Perché siamo così curiosi della vita di voi attori?
«Il pubblico prova un’amicizia per te anche se ha visto una sola interpretazione e si crea aspettative. In chat mi arrivano da parte di sconosciuti richieste assurde, che neanche la mia partner... Al desk del controllo passaporti all’aeroporto di Punta Cana nella Repubblica Dominicana, in vacanza, la hostess mi squadra e chiede: “¿Eres Niccolo, el actor de Baby?”.
La popolarità impedisce di scindere vita e lavoro. Dov’è il confine tra chi sei e chi rappresenti?
«Per proteggermi mi circondo di chi mi conosce per ciò che sono e non ciò che rappresento. Allo stesso tempo nei personaggi cerco parti di me, anche in quelli diversi all’apparenza. Abbiamo più io, molte facce. Ricerco dentro i miei lati nascosti e li espando, lasciando che prendano il sopravvento».
“Do I contradict myself? Very well, then I contradict myself, I am large, I contain multitudes”, diceva Whitman. Ma come fai a spegnere la tua coscienza e accenderne un’altra?
«Io vivo le emozioni e con quelle più forti, come la tristezza, allo “stop” non mi si blocca la fuoriuscita di sentimenti. Ho strascichi più o meno lunghi. Nel nostro lavoro però c’è anche l’ingegno. Gandolfini, in una scena de I Soprano, per camminare andando incontro a una vendetta si mette un sassolino nella scarpa per avere il fastidio che gli occorreva per simulare il nervosismo».
I tuoi personaggi di Baby e Prisma parlano di disagio giovanile. Niccolò, bullo dei Parioli, esercita il suo potere sugli altri. Daniele, dalle case popolari di Latina, rappresenta una mascolinità che non gli appartiene.
«Sono vittime dell’ambiente che li forza a soddisfare un’etichetta e lottano, sbagliano, per capire chi sono. Un problema della mia generazione è la difficoltà nel trovare un percorso che porti alla felicità. In un mondo iperstimolato, si rischia di fare confusione sulle passioni.

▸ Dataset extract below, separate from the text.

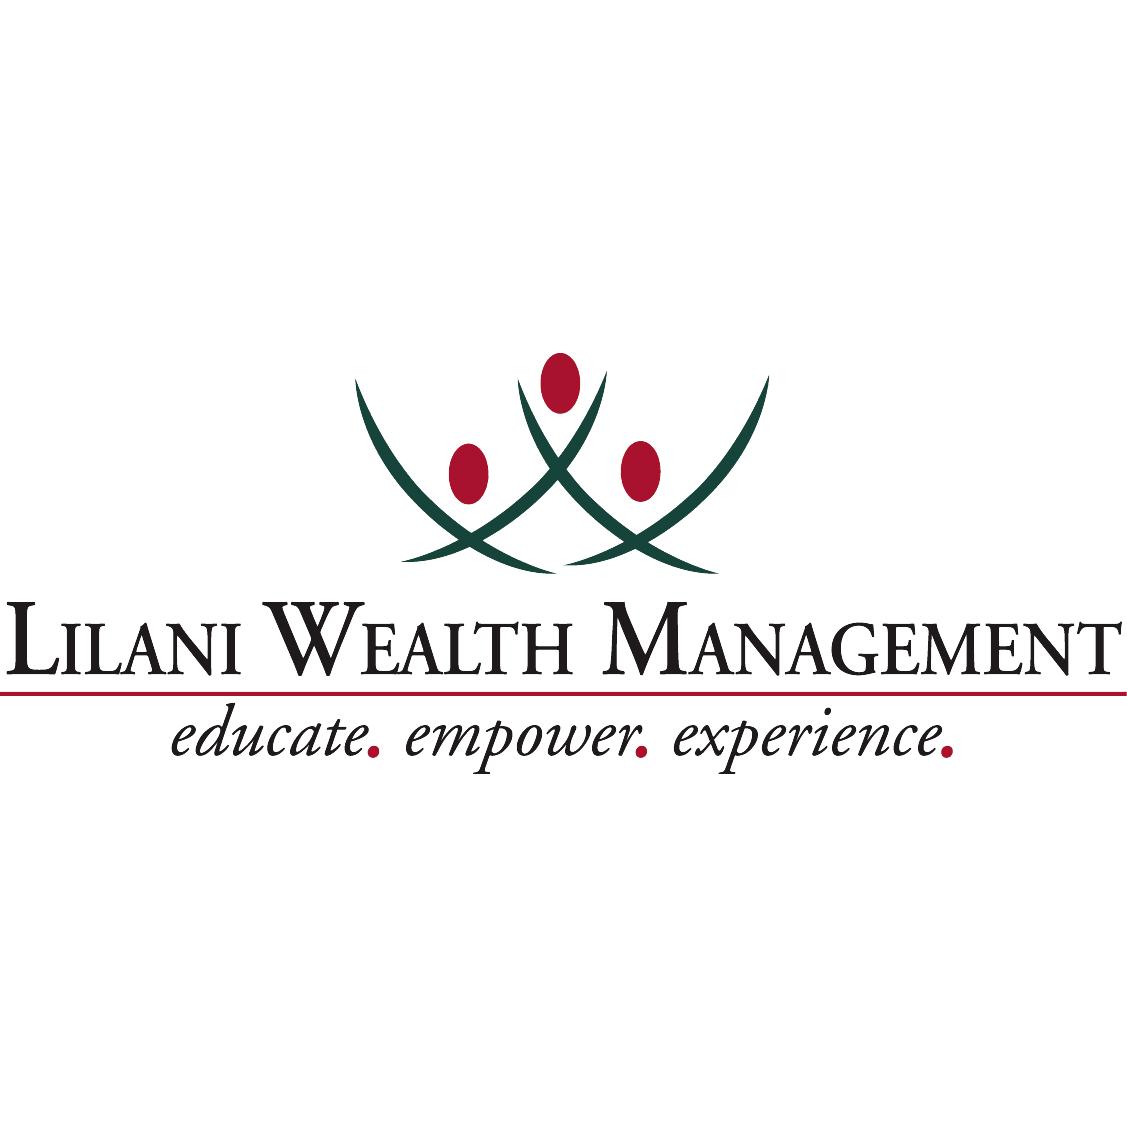 Lilani Wealth Management image 2

In passato il processo di individualizzazione arrivava prima, ora è come se non avvenisse mai».

Stare sul set è per te una schermaglia contro l’iperstimolazione e la dipendenza dai social?
«Il set è luogo d’evasione, una no-phone zone di nove ore senza nomofobia e distrazioni. Mi dà un benessere psicofisico, tralasciando il fatto che bevo mille caffè e fumo mille sigarette. Senza il set faccio fatica a non controllare le notifiche. Ma non voglio dare l’idea di essere scontento: è grazie alle piattaforme che i giovani attori sono diventati popolari in Italia, perché esiste una costellazione di ruoli interessanti. Un racconto veritiero e tridimensionale degli adolescenti. Fino a qualche anno fa finivi a fare il “figlio di” in una fiction Rai. Era più dura emergere».

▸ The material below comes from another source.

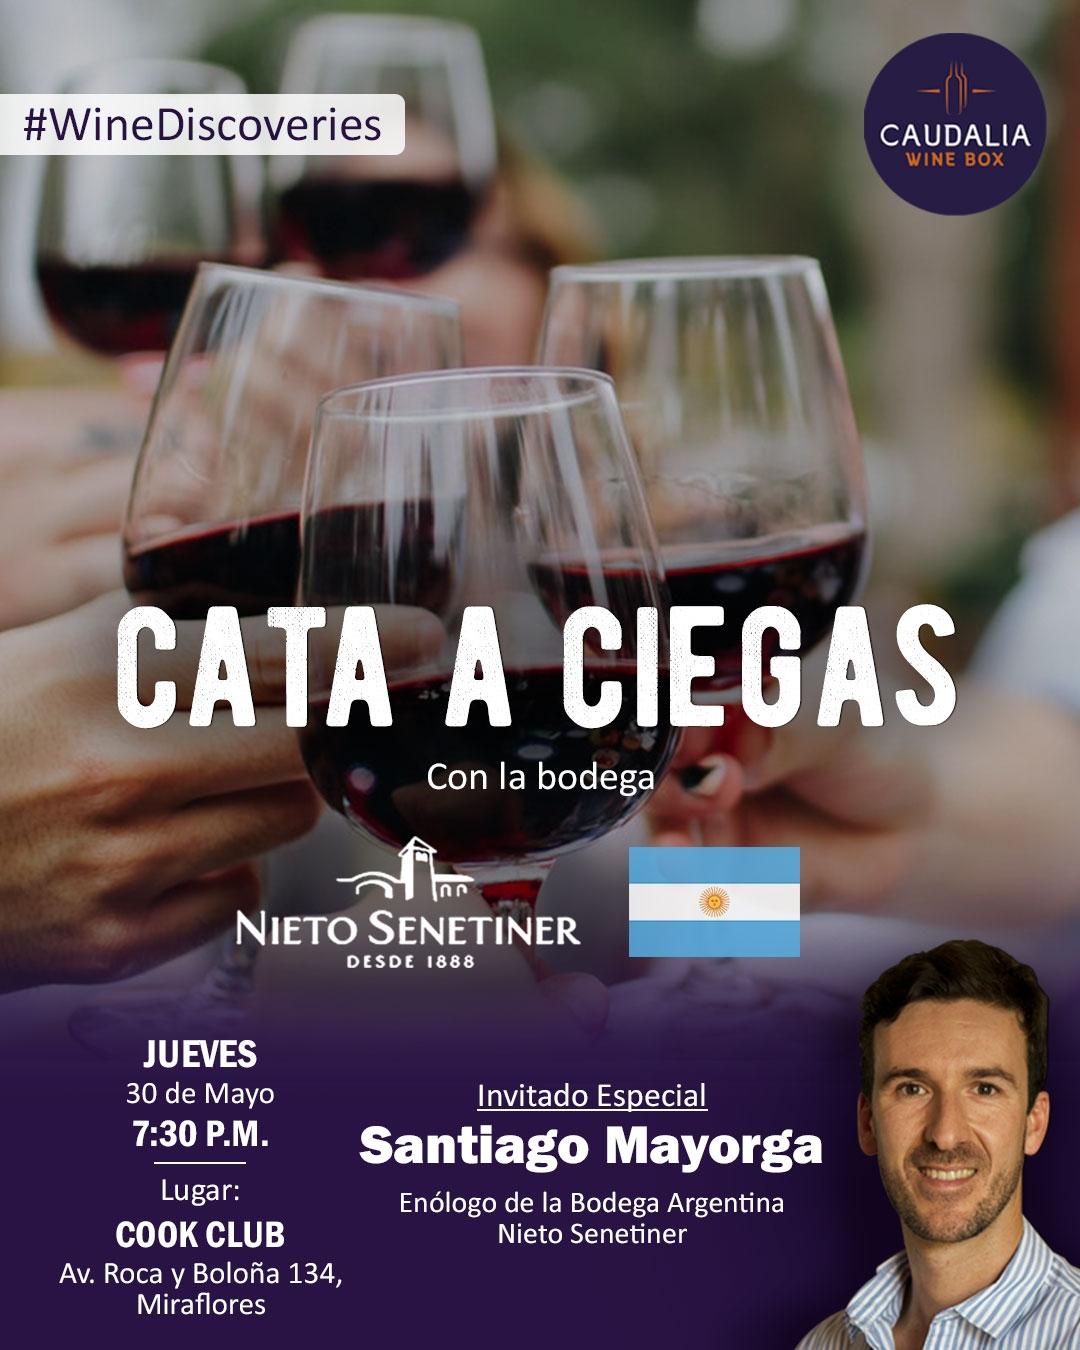 Caudalia Wine Discoveries mayo 2019 Bodega Nieto Senetiner

Hai mai pensato, tipo Sliding Doors, che tutto ciò che ti è accaduto poteva non avvenire?
«Rifacessi il provino per Niccolò di Baby magari il vento tirerebbe da un’altra parte. Ci vuole anche fortuna. Ma non ho ansie da competizione, se incontro un coetaneo a un provino ci scambiamo consigli. Basta prepararsi al meglio e sfruttare le occasioni».

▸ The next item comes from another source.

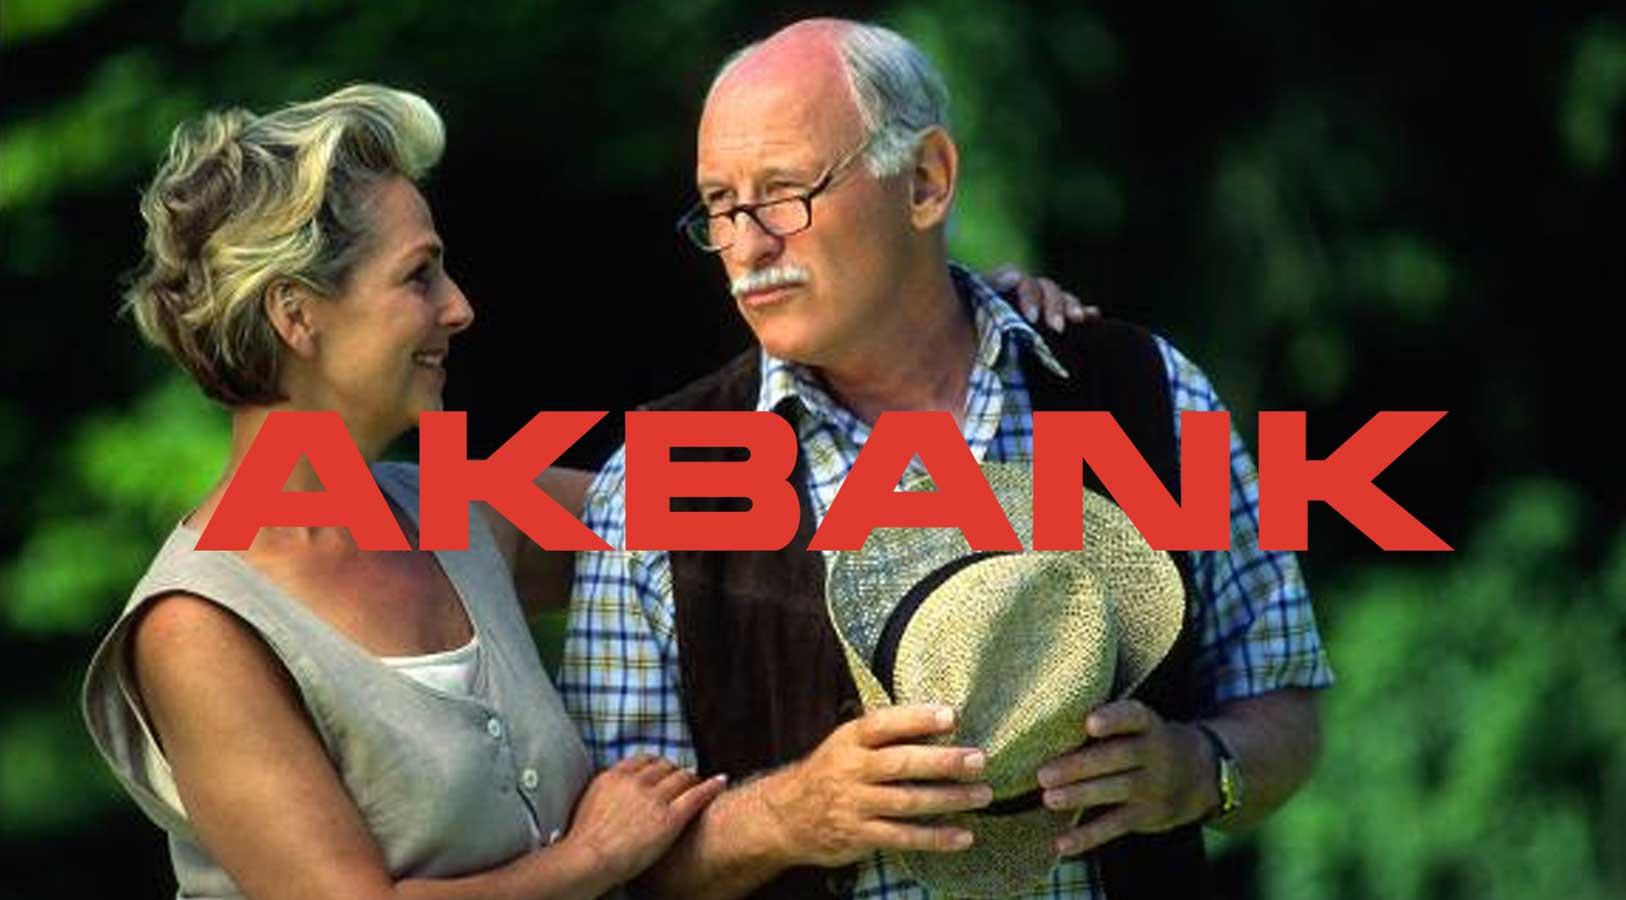 Akbank Emekli Promosyonu

In Gallo Cedrone il personaggio di Verdone fa commenti sessisti, catcalling e bodyshaming. L’intento è prendere in giro chi offende, ma trattando i maschi tossici come fenomeni non si rischia di avallarne i comportamenti?
«È difficile, ma non rifiuterei un ruolo perché eticamente non condivisibile, altrimenti dovrei escludere a priori gli antagonisti. Il cinema più che essere educativo deve rappresentare la realtà, senza dare giudizi. Le coordinate con le quali scelgo un progetto sono qualità, solidità di chi vi partecipa e verità dei personaggi».
Grazie a viaggi low cost e web per la nostra generazione diminuisce l’idea di patria in virtù dell’internazionalismo. Ti senti un Odisseo che vuole tornare al suo centro o un viandante la cui casa è nella meta successiva?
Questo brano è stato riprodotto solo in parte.